The genetic correlations between stay green and lodging and between stay green and chlorophyll content were the highest. Xu et al. [38] reported the relationship between the visual score of stay green and the concentration of leaf chlorophyll in sorghum. Wanous et al. [39] reported that visual assessments of green leaf area and green leaf number correlate strongly with measured values of green leaf area for chlorophyll content under drought stress. Blackmer and Schepers [40] reported a positive correlation of chlorophyll concentration with leaf nitrogen concentration and green leaf coloration in maize. The stay green trait protects the leaf from chlorophyll degradation [41]. The results indicated that visual stay green scores were a reliable indicator of leaf senescence and should be useful for sorghum breeders to assess progeny when breeding for drought tolerance.
The negative correlation between SPADIII and grain yield could be explained by the fact that at maturity there was competition between leaves and grains for chlorophyll.

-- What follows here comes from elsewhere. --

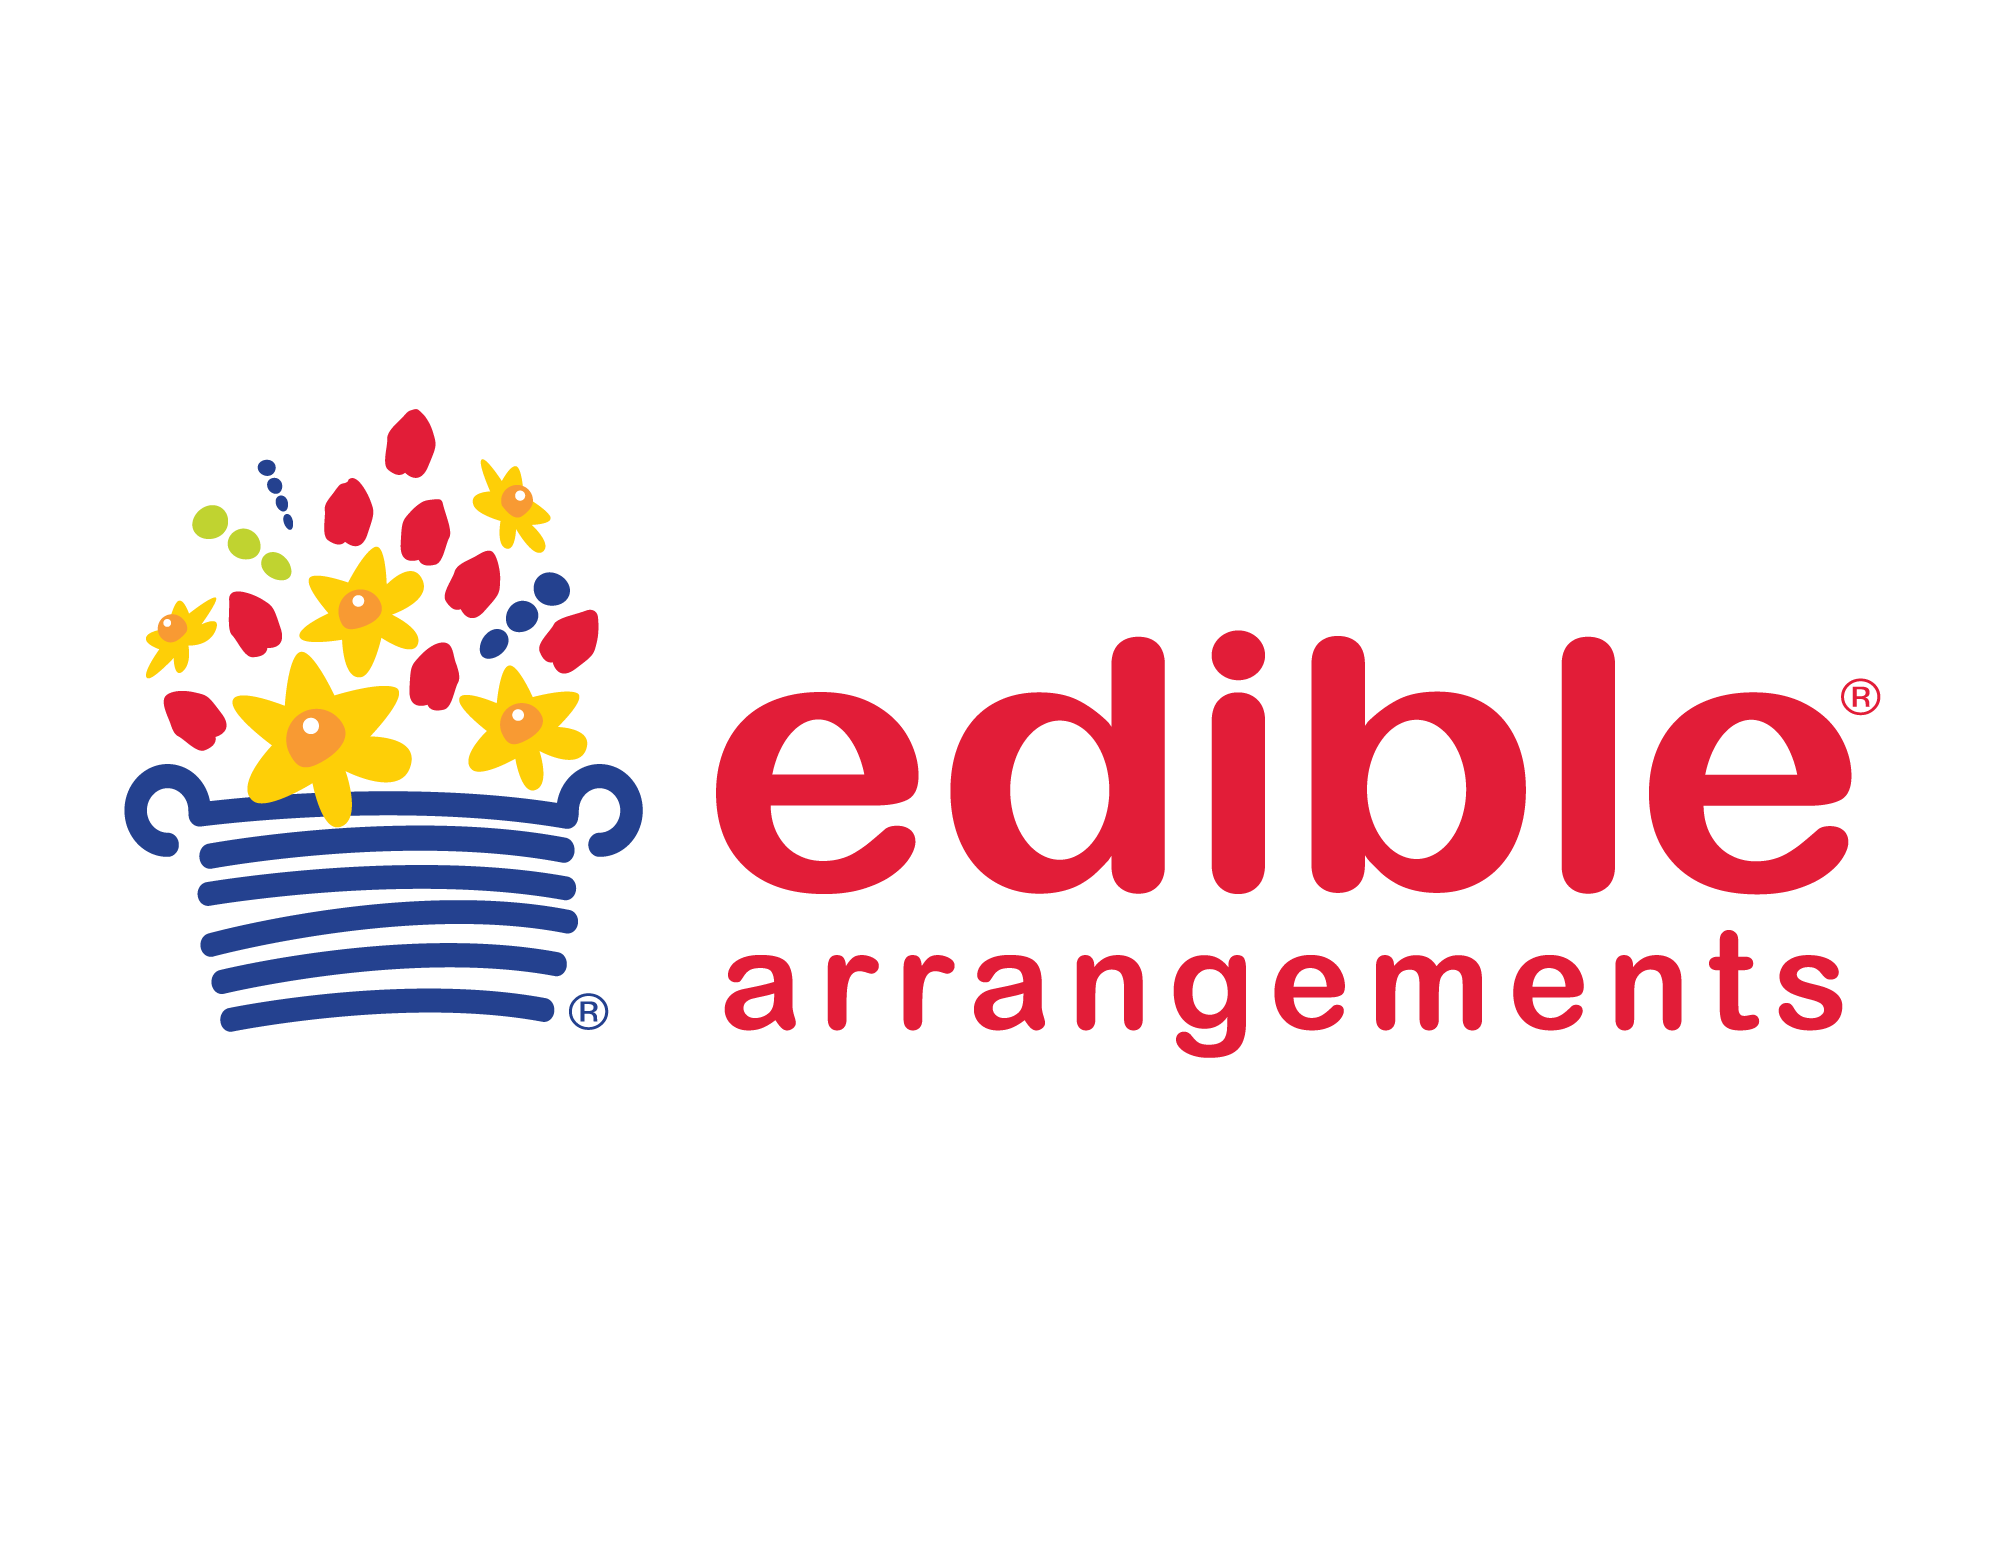 edible-arrangements-logo.png

Thus, there was loss of chlorophyll from the leaves to the benefit of grain filling causing leaf senescence in most progenies.
5. Conclusion
Seven populations of 669 progenies were developed by introgression (BC1) including five populations from HTE (High Transpiration Efficiency) and two populations from CWR (Crop Wild Relatives). This study highlighted the potential of wild sorghum and high transpiration efficiency landrace to enhance breeding leading to the identification of superior genotypes. It also suggested that wild sorghums are useful as donors for improving yield for farmer-preferred varieties. The characterization showed the existence of a large phenotypic variability for the flowering period, stay green, chlorophyll content, lodging and grain yield within the 669 BC1F5 progenies. This should enable identification of higher yielding varieties for the drought prone areas in Sahel. The heritability estimates indicated that selection should be effective for grain yield and putative drought tolerance traits. The existence of a correlation between putative drought tolerance traits should be useful to breeders evaluating progenies for drought tolerance. The best selected genotypes were assessed in the farm environment and on-station in 2018 and 2019 using a participatory farmer approach to improve farmers’ resilience to climate variability.
Acknowledgements
The author gratefully thanks the International Crops Research Institute for the Semi-Arid Tropics in Mali (ICRISAT) for providing him this opportunity to carry out a PhD thesis. The USAID “Feed the Future Innovation Laboratory for Climate Resilient Sorghum” is gratefully acknowledged for the financial support. Our gratefulness to the staff of the Sorghum Breeding Program at the Institut d’Economie Rural (IER) for their support for conducting the trials in this study. We wish to thank the members of Biosciences laboratory of the university (Ouagadougou) for their assistance in various aspects of this work.